Allerdings müssen Kuhlemann und Schmuhl dieses angesichts der gleichzeitig beobachteten massiven Säkularisierungstendenzen positive Resultat mit Staunen quittieren, da sie den theoretischen Ansatz des Soziologen Hannes Siegrist von der besonderen Bedeutung des gesellschaftlichen Status für den Beruf favorisieren (vgl. S. 13). Der Erkenntnishorizont hat demnach in Richtung Emanzipation und nicht in Richtung Berufung zu weisen, auch wenn – wie Annette Drees in ihrem Beitrag „Profilierungsbestrebungen katholischer Lehrerinnen Anfang des 20. Jahrhunderts“ aufzeigt – das Berufsethos einer bestimmten Gruppe von dem als Berufung angesehenen und freiwillig gewählten Lehrerinnenzölibat bestimmt war. In der Lesart der „gender studies“ wird hieraus jedoch ein Professionalisierungskennzeichen im Sinne einer „Sicherung des Marktmonopols“ (S. 125). Fraglich erscheint nur, ob diese Begründung aus dem persönlichen Erleben einer in einem religiös geprägten Lebensumfeld beheimateten Lehrerin in dieser Ausschließlichkeit Geltung beanspruchen kann.

Mit diesen kritischen Anfragen soll keineswegs in Abrede gestellt werden, dass gesellschaftlich begründete Verhaltensmuster Handlungsweisen im kirchlichen Raum stark geprägt haben. Dies belegen nicht zuletzt die stark konfessionell bestimmten Handlungsweisen der vier Beamten des Westfälischen Landesjugendamtes, die Markus Köster in seinem Aufsatz nachzeichnet. Kösters Beitrag erweist sich im übrigen zugleich deplaziert wie auch richtungweisend: Ersteres aufgrund der Behandlung einer Berufsgruppe, die nicht unmittelbar im kirchlichen Dienst steht und Letzteres mit Blick auf politisch-gesellschaftlich exponierte Gruppen, z.B. christliche Politiker, die Berührungsfelder mit Religion und den Kirchen aufweisen und unter der Leitidee des Sammelbandes ebenfalls in den Blick genommen und eine ergiebige Projektionsfläche ergeben könnten.
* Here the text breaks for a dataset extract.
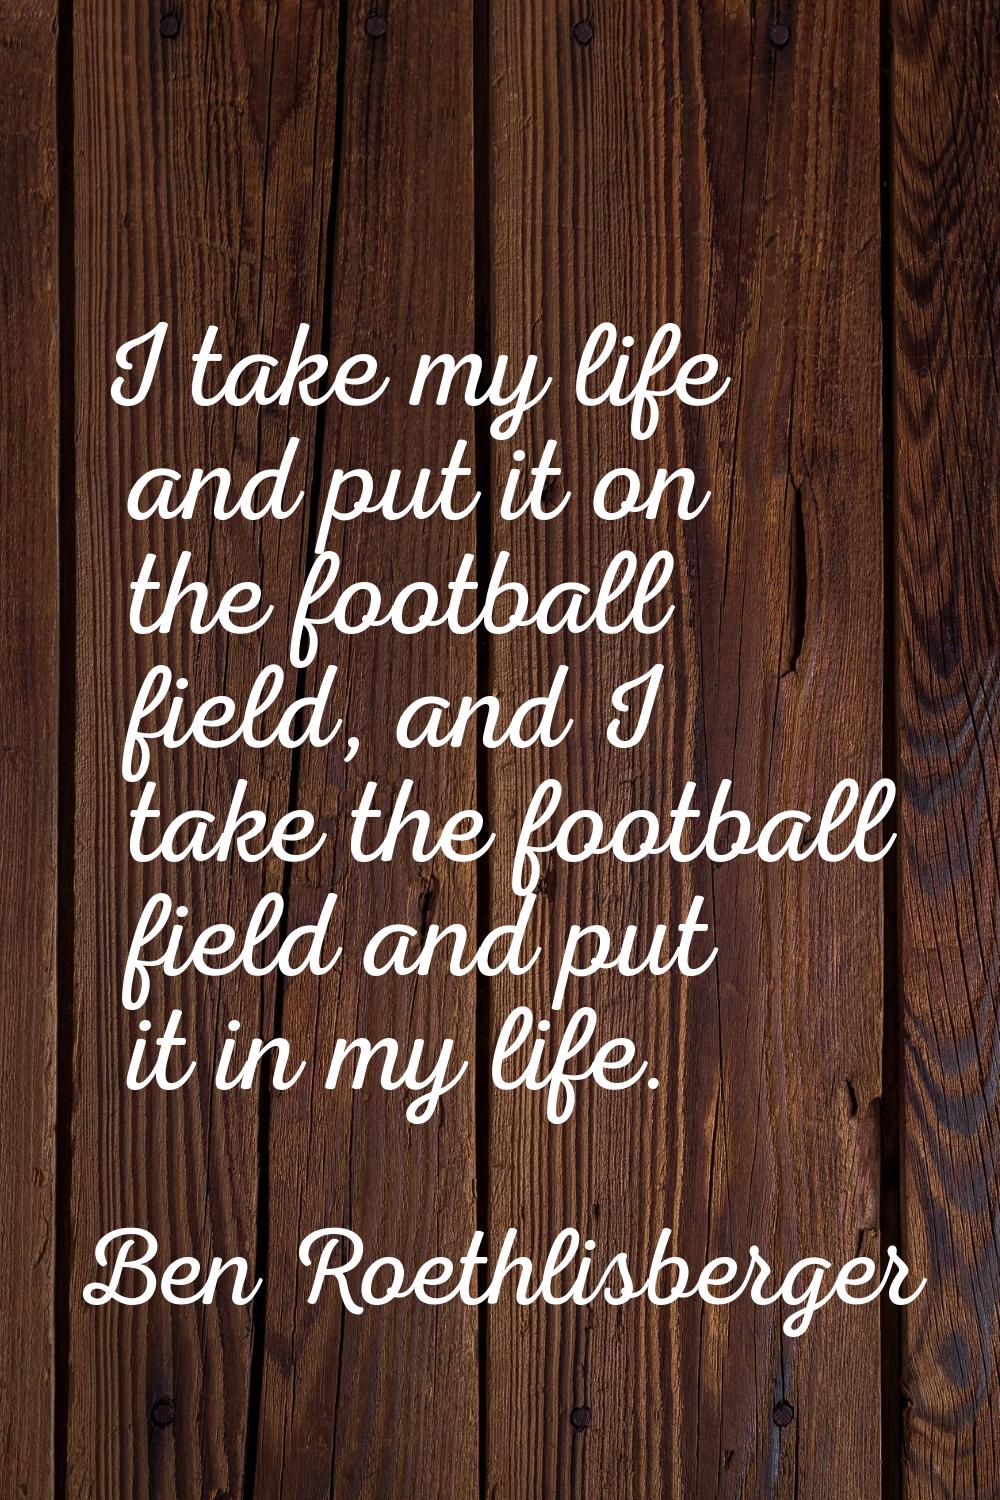 I take my life and put it on the football field, and I take the football field and put it in my lif
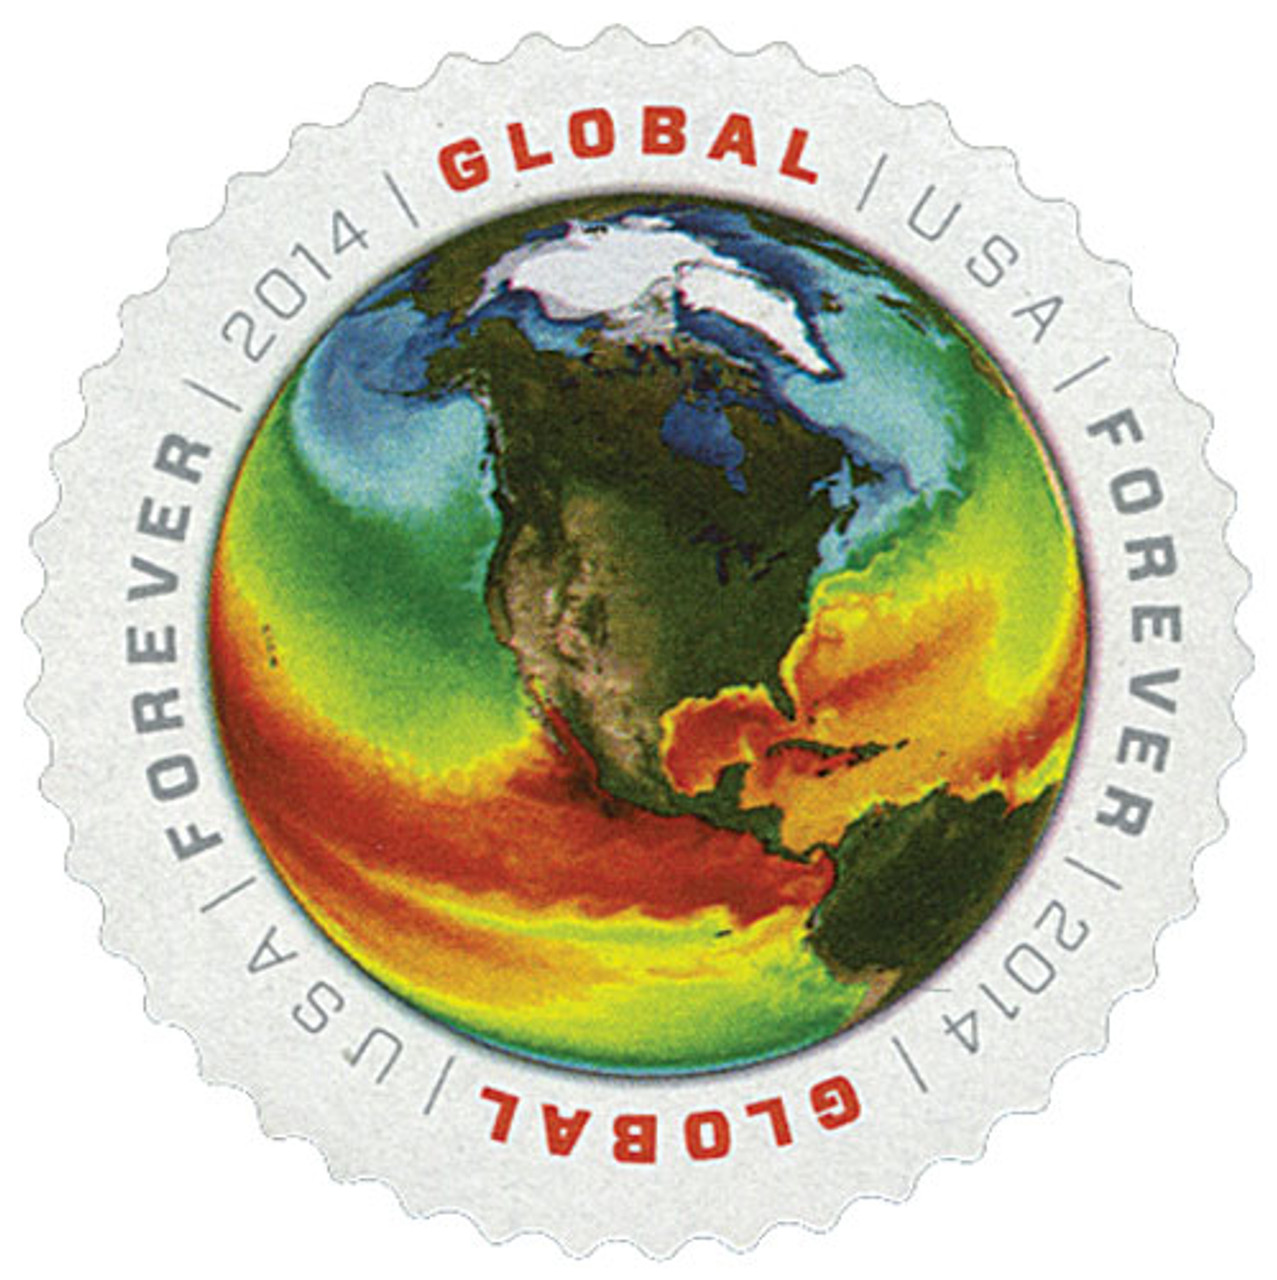 5058 - 2016 Global Forever Stamp - The Moon - Mystic Stamp Company

Insofern eröffnet der Band neue Perspektiven und gibt zahlreiche Anreize für eine weiterführende Verknüpfung von Professionalisierungsforschung auf der einen und kirchlicher Zeitgeschichtsforschung auf der anderen Seite. Wenn auch die Professionalisierung einen ernst zu nehmenden Faktor für die Entwicklung kirchlicher Berufe darstellt, so sollte sie in diesem Kontext doch nicht absolut gesetzt werden, sondern der Erkenntnis Raum gewähren, dass die Dimension kirchlicher Berufe (und eben Berufungen) vielschichtiger und mehrdimensionaler ist, als dieser Sammelband sie im Kontext modernisierungstheoretischer Konzeptionen präsentieren kann. Eine solche Sensibilität in der Feinstruktur hätte der Wirkungskraft einer Synthese der beiden Segmente Beruf und Religion gut getan.